In the following days, I was encouraged to learn that America had taken great pains to secure a peaceful surrender of Japan before resorting to the atomic bomb. Not everyone understands or appreciates the fact that the US carried out a campaign to inform the Japanese people of their hopeless position and of the overwhelming forces arrayed against them.

As one part of that effort, US planes dropped millions of leaflets giving the residents of 11 major Japanese cities (which did not include Hiroshima or Nagasaki) advance notice of possible bombing raids by American planes. A translated copy of this leaflet still in my possession reads as follows:

''ATTENTION JAPANESE PEOPLE

''Read this carefully as it may save your life or the life of a relative or friend. In the next few days the military installations in four (or more) of the cities named on the reverse side will be destroyed by American bombs. These cities contain military installations and workshops or factories which produce military goods. We are determined to destroy all the tools of the military clique that they are using to prolong this useless war. But, unfortunately, bombs have no eyes. So, in accordance with America's well-known humanitarian policies, the American Air Force, which does not wish to injure innocent people, now gives you warning to evacuate the cities named and save your lives.

''America is not fighting the Japanese people, but is fighting the military clique which has enslaved the Japanese people. The peace which America will bring will free the people from oppression of the military clique and mean the emergence of a new and better Japan. You can restore peace by demanding new and good leaders who will end the war.

''We cannot promise that only these cities will be those attacked, but at least four will be; so heed this warning and evacuate these cities immediately.''

When Japan ignored the Potsdam Proclamation, which threatened the destruction of Japan unless it surrendered, President Harry S. Truman finally decided to use the newly developed atomic bomb in the hope that it would make an invasion of Japan unnecessary. So it was that on Sept. 2, 1945 - three years, eight months, and 22 days after Japan bombed Pearl Harbor - World War II ended.

I returned to the US on Nov. 14, 1945, feeling like Rip van Winkle. I remember running to the bank of telephone booths as soon as I got off the troop ship in San Francisco.

Although my wife and I had written each other, I had not seen or talked to her since we said goodbye in Kansas 16 months earlier.

After closing the door, I took a huge breath to compose myself and gave the long-distance operator the still-remembered number.

The phone rang, and I waited until the operator said, ''Here's your party.'' A wonderfully familiar voice said, ''Hello!''

My lips moved, but I could not speak. Words would not form. ''Mary!'' I finally blurted out over 3,000 miles of wire.

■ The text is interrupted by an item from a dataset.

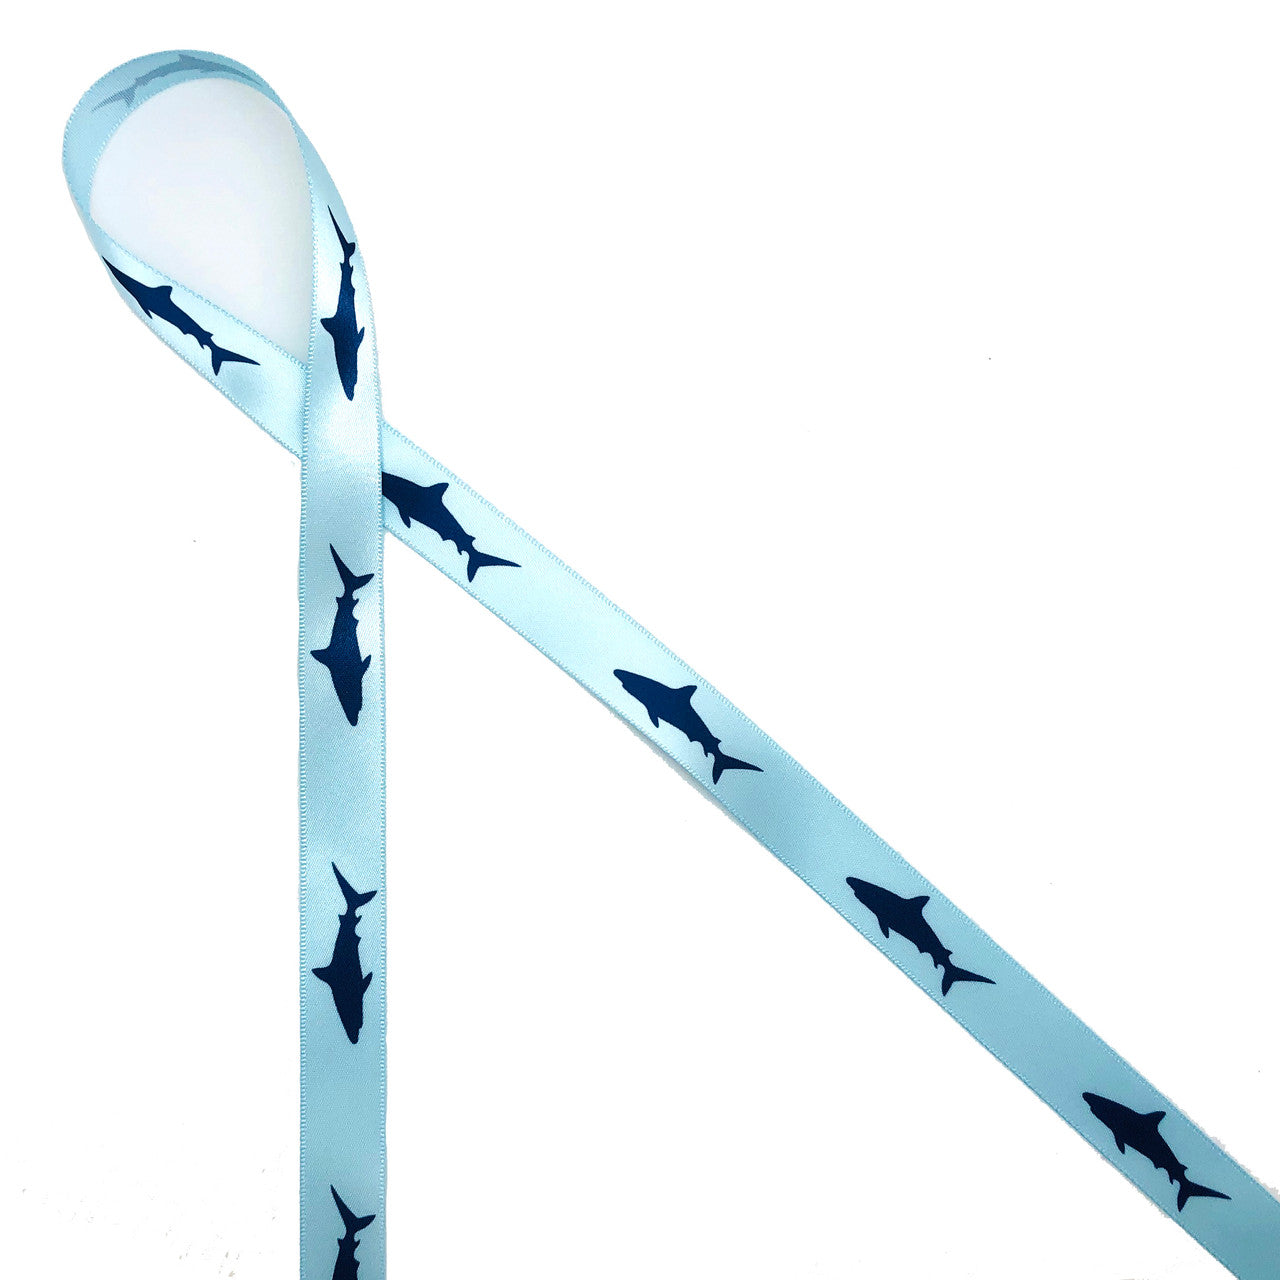 Navy blue shark silhouettes printed on 5/8" light blue ribbon is such a fun design for birthday parties, Shark Week and lots of Summer themed events! Our ribbon is designed and printed in the USA

''Darling!'' she shouted. ''Are you still all right?''

I managed to say where I was and when I would be home. She had the baby make some heart-melting sounds, and we said goodbye 10 times, at least. I hung up refreshed. I was going home again.

I stayed in the booth to decompress until another soldier appeared, wanting to make a call.

Although I am grateful that all of us were spared the greater death and destruction that the invasion of Japan would have inflicted on both sides, I am sobered by another realization - that the atomic bomb's use and the subsequent buildup of nuclear weapons have sowed seeds of violence in the world.

Today's nuclear weapons have a destructive power many, many times greater than the bombs dropped on Hiroshima and Nagasaki. Most scientists today agree that if even a fraction of the present stockpile of nuclear weapons were used, our planet's ability to sustain life as we know it would be destroyed. In a real sense, these scientists have showered us all with leaflets of forewarning that remove our past innocence and make us fully responsible for the future.